▸ **Instructions to follow**
Would you please transcribe the data in full and exactly, excluding images?

▸ **Data excerpt**
━━━━━━
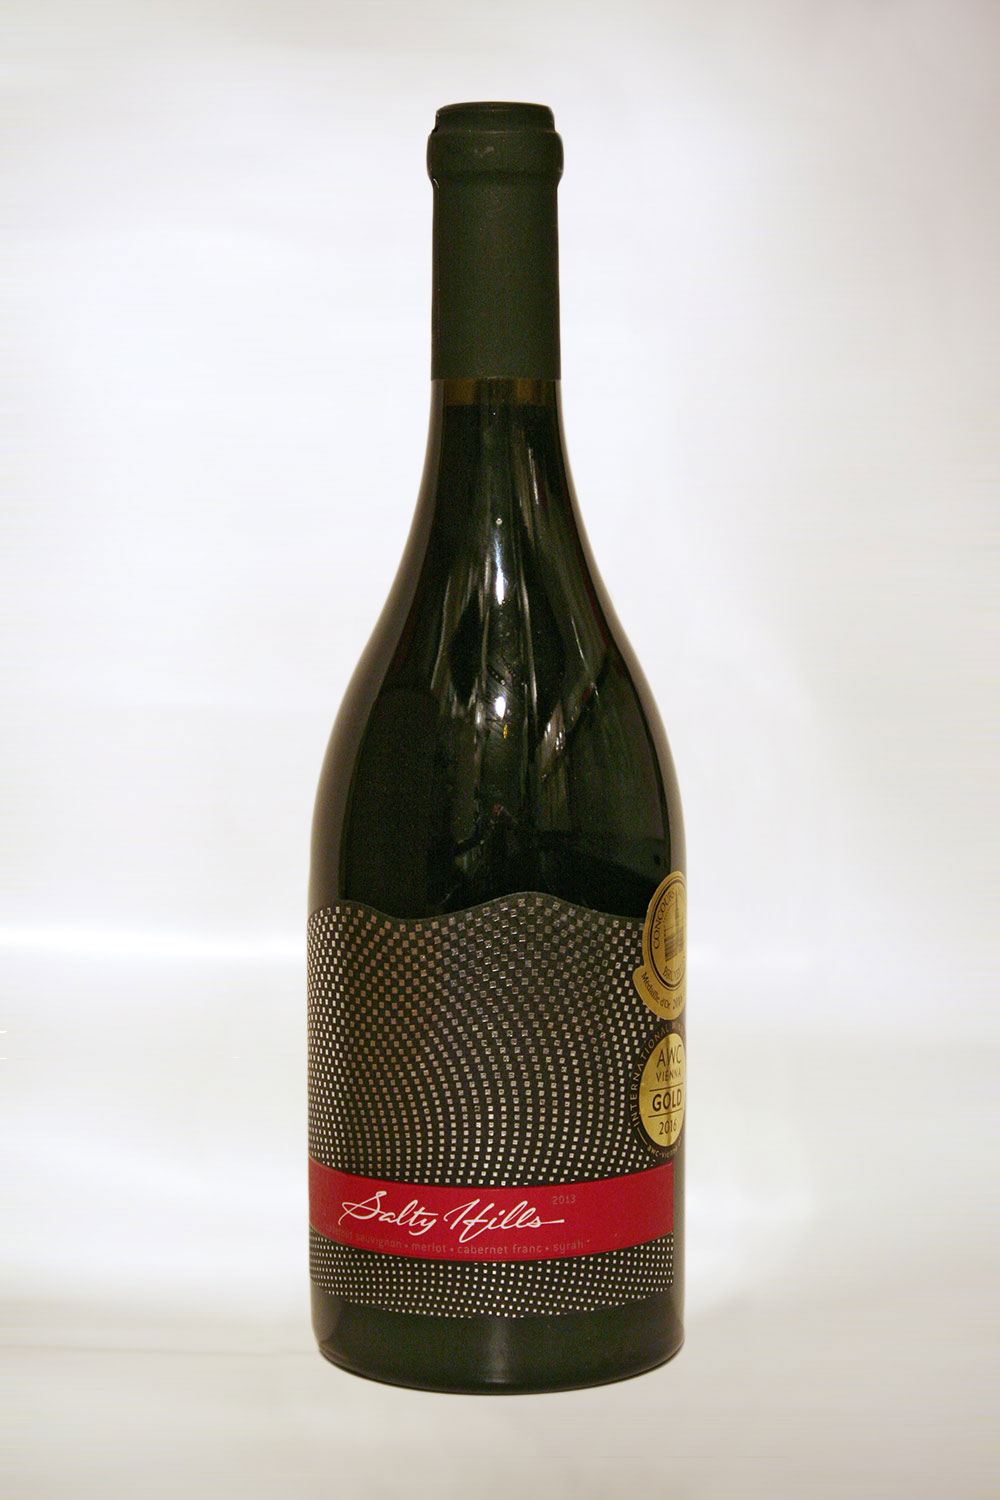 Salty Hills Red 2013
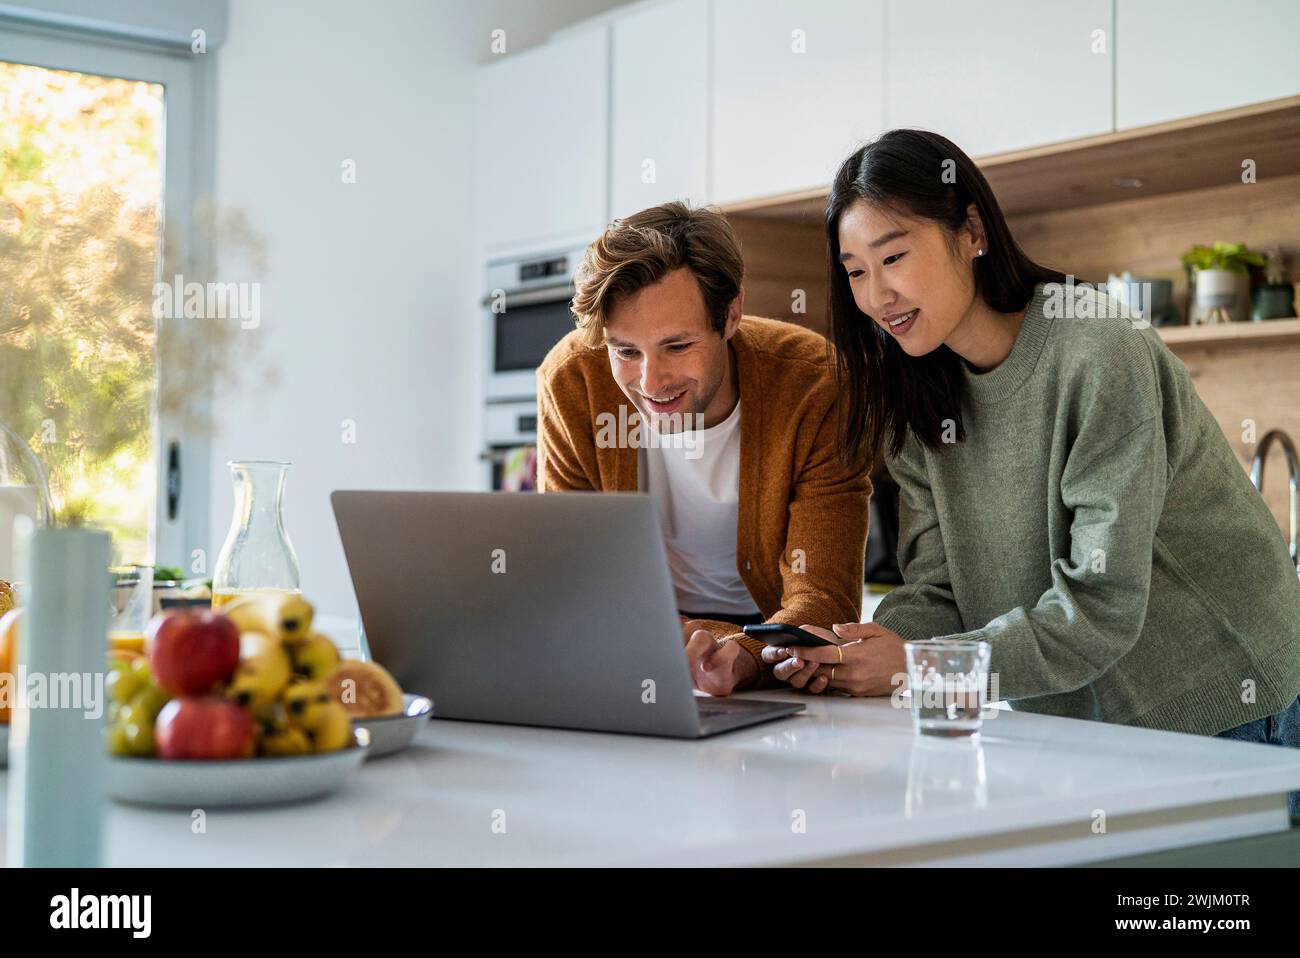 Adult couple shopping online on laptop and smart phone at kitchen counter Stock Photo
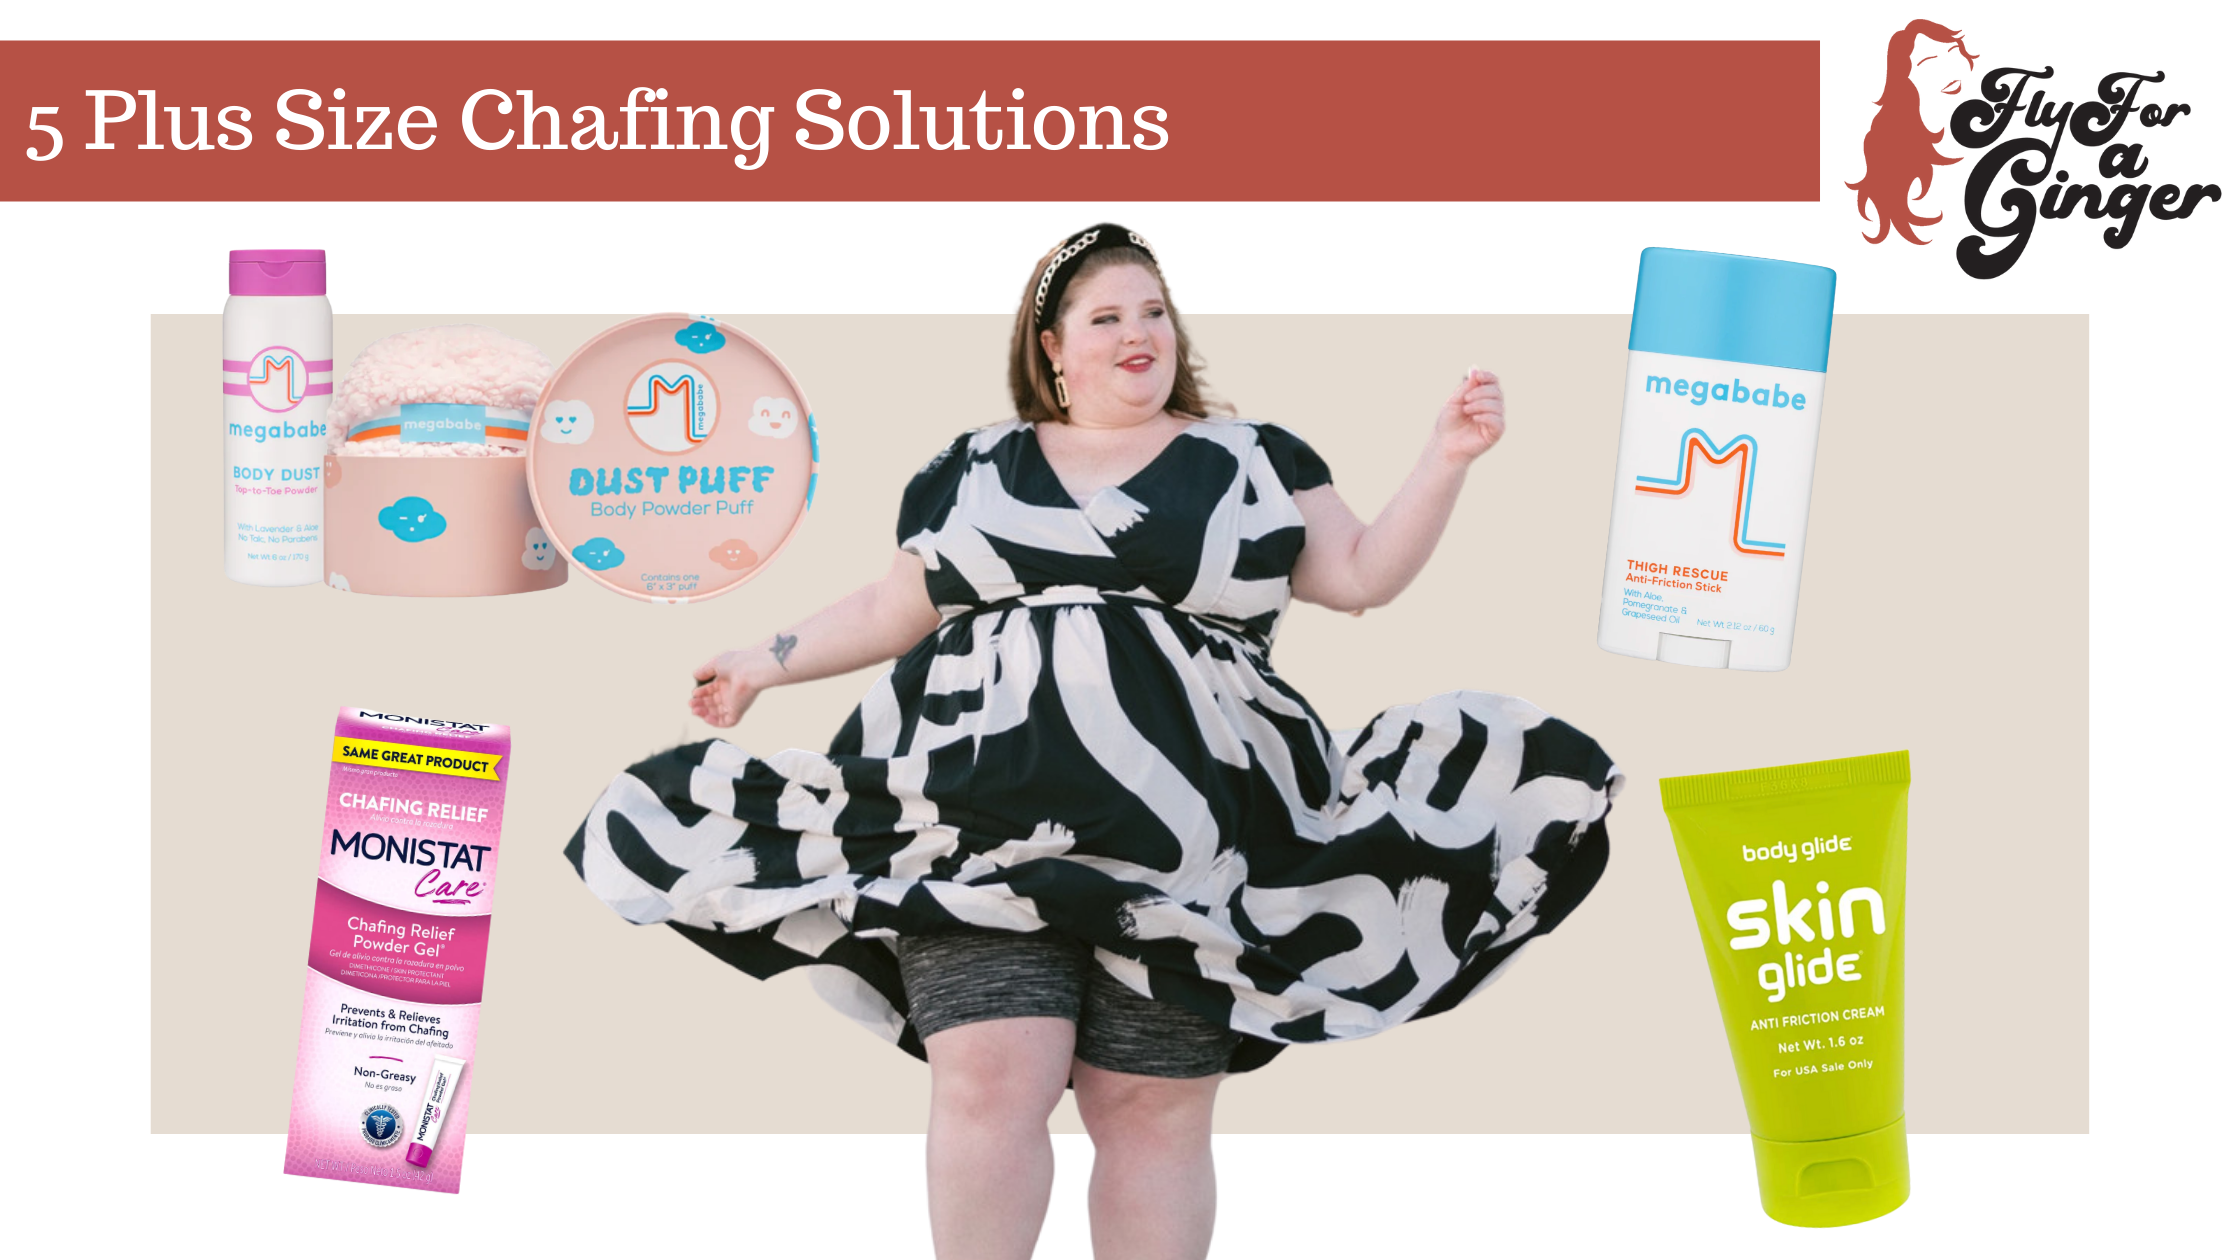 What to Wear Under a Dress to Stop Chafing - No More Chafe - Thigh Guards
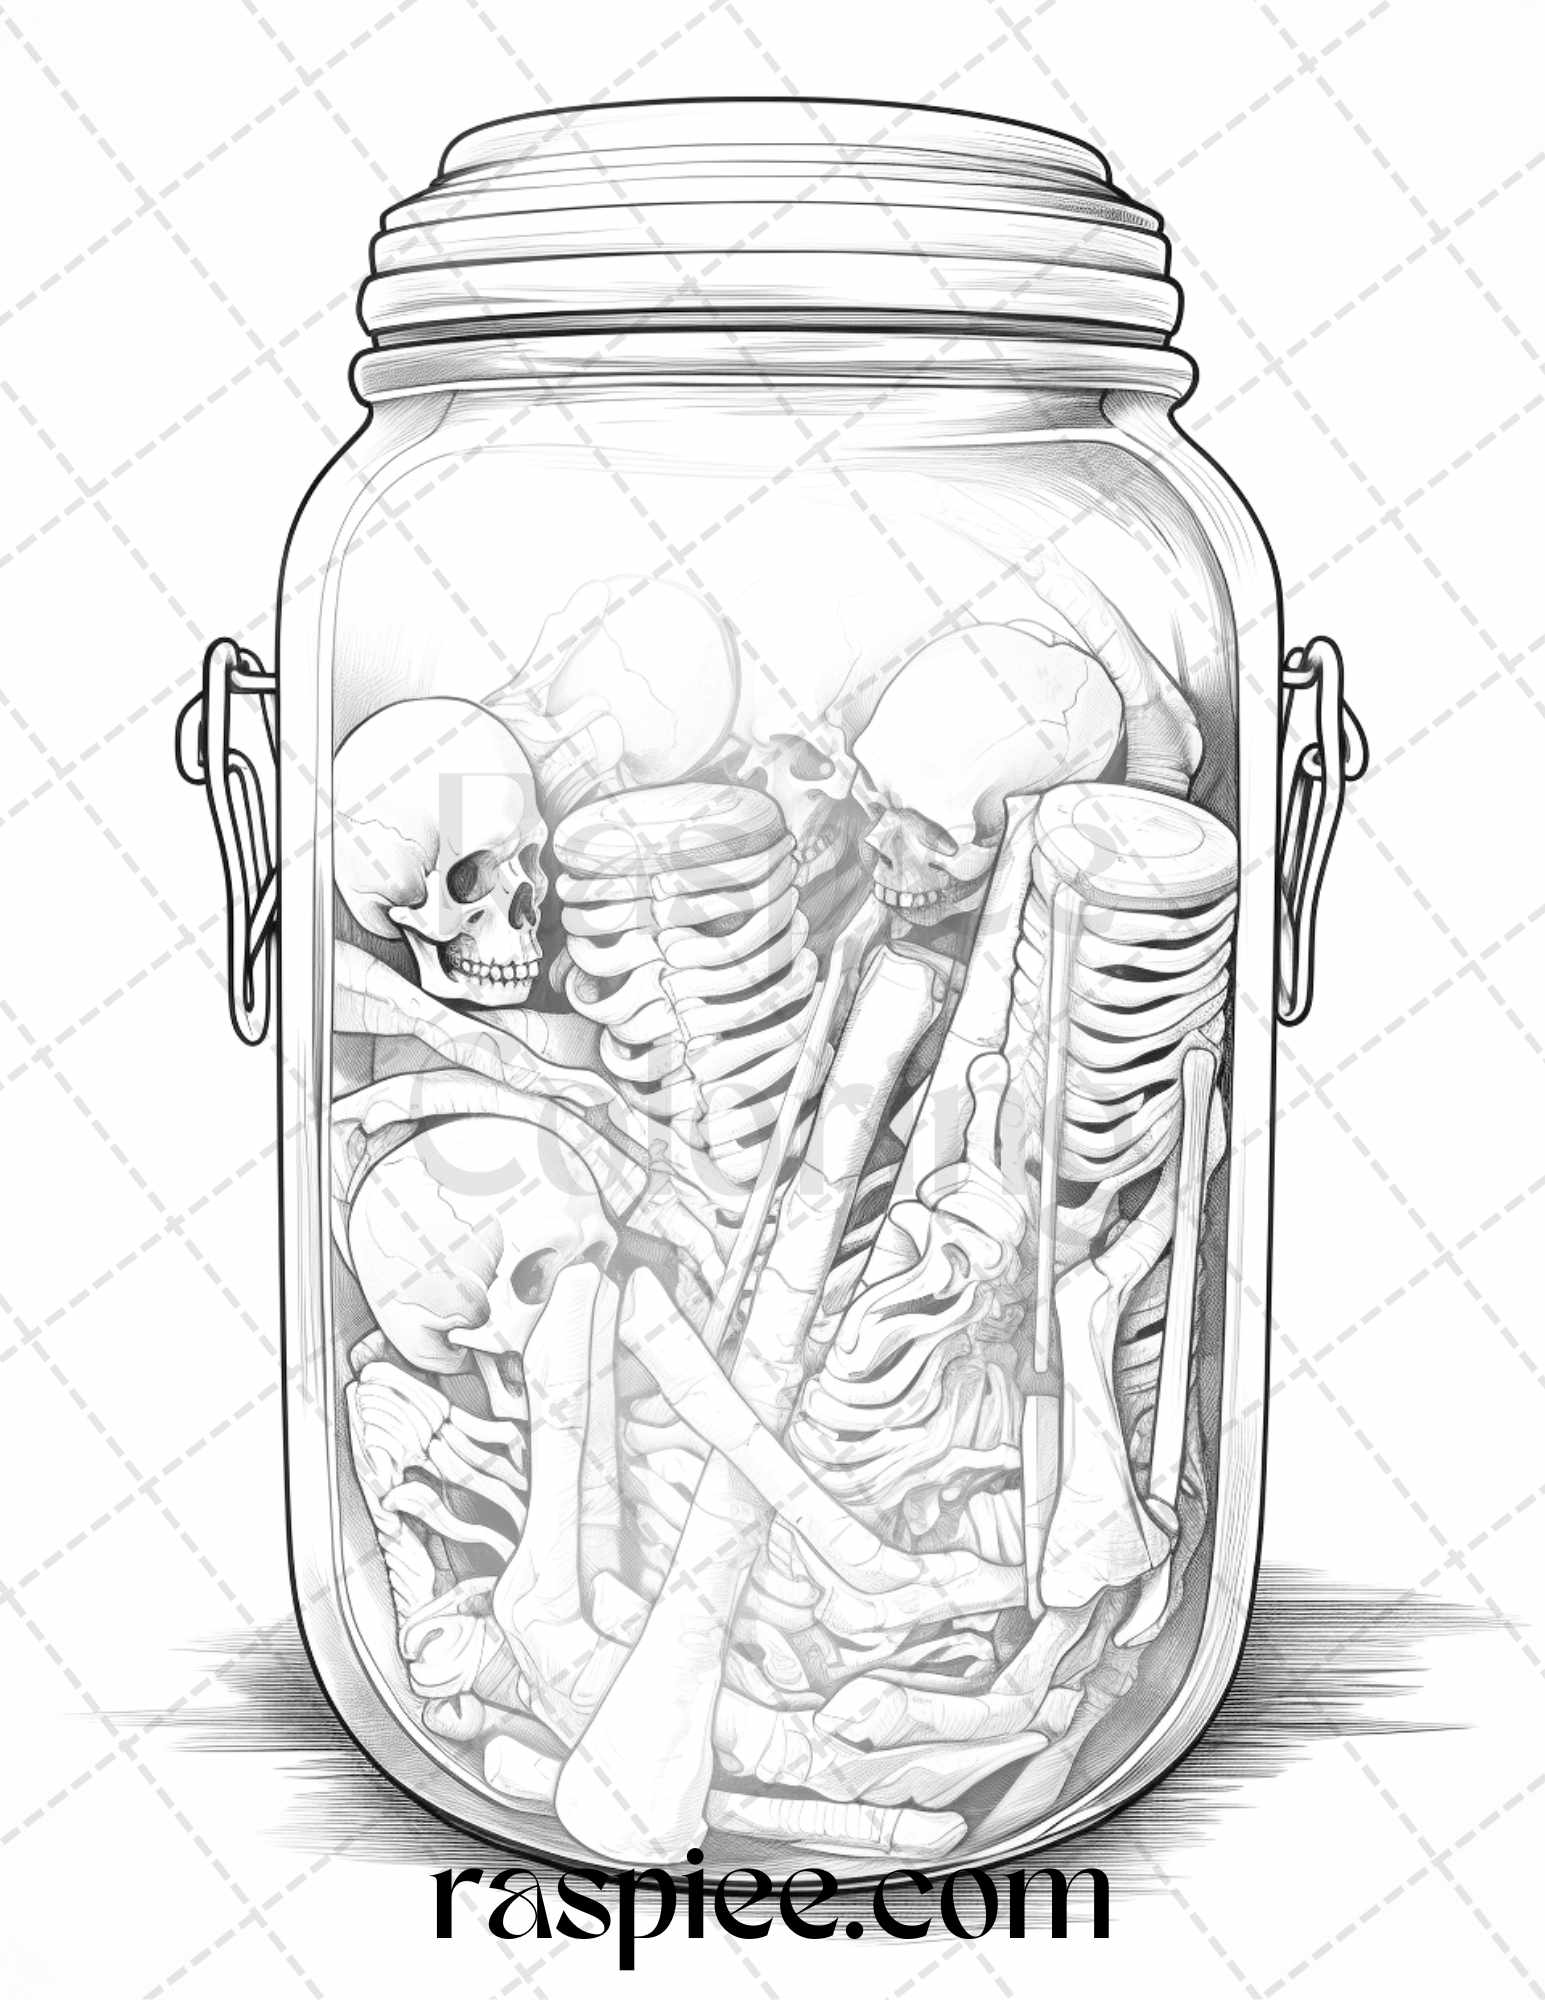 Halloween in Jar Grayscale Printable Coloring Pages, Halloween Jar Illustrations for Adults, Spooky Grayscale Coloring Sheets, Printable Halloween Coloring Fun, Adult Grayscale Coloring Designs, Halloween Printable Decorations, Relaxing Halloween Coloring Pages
━━━━━━
▸ **Exercise answer**
 Salty Hills Red 2013
 Adult couple shopping online on laptop and smart phone at kitchen counter Stock Photo
 What to Wear Under a Dress to Stop Chafing - No More Chafe - Thigh Guards
 Halloween in Jar Grayscale Printable Coloring Pages, Halloween Jar Illustrations for Adults, Spooky Grayscale Coloring Sheets, Printable Halloween Coloring Fun, Adult Grayscale Coloring Designs, Halloween Printable Decorations, Relaxing Halloween Coloring Pages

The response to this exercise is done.